My Tale Part One: Requiem for an Automobile

Where to Start

About 6 months ago my current car began a slow downward spiral of quality. I never loved this car particularly much, but nonetheless it had served me well for nearly an entire year. My car had braved the frozen tundra of Cleveland’s winter and survived. Not even two foot tall snow drifts could slow down this absolute beast of a car.

My 1995 Buick Century Special Sedan; you put the special in “Special Sedan”. With your mighty four cylinder roaring, you seethe with several horsepower. You barrel down the street with no regard for human life, with your turn signal silently blinking, no need to make a noise to the driver telling him that the turn signal is on. You know he’s going to turn right, eventually. You stalwartly defend yourself from passengers, no need to let them in until the driver is safely in the car.

So what has crippled this mighty automobile, this Thor’s chariot?

It doesn’t have a brain.

Yes, some idiotic GM engineer in 1995 decided it was a good idea to cram as many electronic components into this econo-car as was technically possible at the time. Probably so they could all fail at the same time and leave the car a witless dullard. Thank you, GM Engineer. Bravo.
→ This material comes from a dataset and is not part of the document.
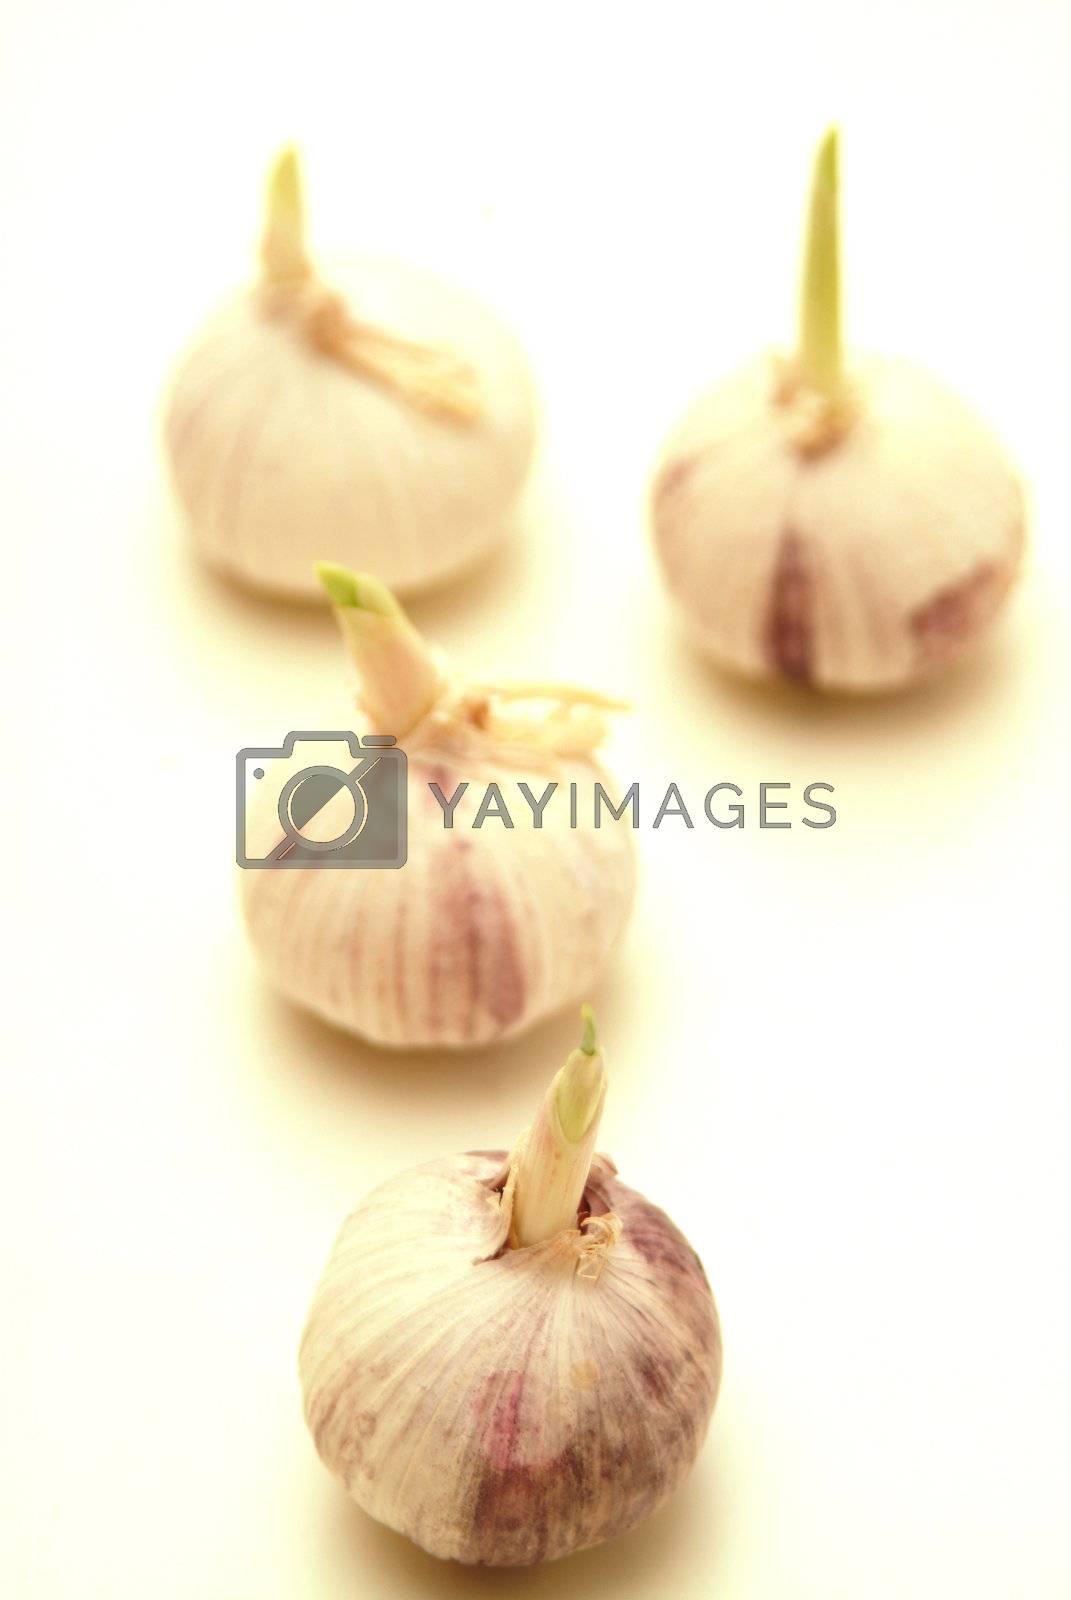 some garlic on a bright background  by Szakaly

When I even think of touching my brake pedal the car gets really flustered, like a patient with a lobotomy gone wrong the car has no clue what it wants to do. According the scan done at the auto shop my Buick thinks it’s going zero miles an hour and is decelerating at a value approaching negative infinity miles per hour, simultaneously…at all times. My poor flustered car reacts to this information by fully activating my anti-lock braking system at all times.

If you are unfamiliar with what this is like imagine that stepping on your brakes on the highway at 70 miles an hour makes it feel like you are careening through a split log and caltrops factory at roughly the same speed. At lower speeds the effect is much more subdued; more akin to you and your passengers being really into the music on the radio, uncontrollably bobbing along to the beat.

To Fix or Not to Fix

For those who aren’t in the know about cars: this is extremely dangerous. Any time your brakes are doing something other than fully being applied you are going to take longer to stop. This isn’t a problem in the winter when you already stop early because of inclimate weather, but in the summer when everyone else is stamping on their brakes and actually stopping it is only a matter of time until I’m threatening my continued existence.

Remember how I said a shop scanned the computer on the car. Well, they also gave me an estimate for my car: don’t fix it. To replace the burned out ABS sensors alone (which were all they could do) would be three times the net worth of the automobile. Total repairs, much of which would need to be done at a dealership, would total in excess of $4,000.

So what car do I get to replace this piece of shit?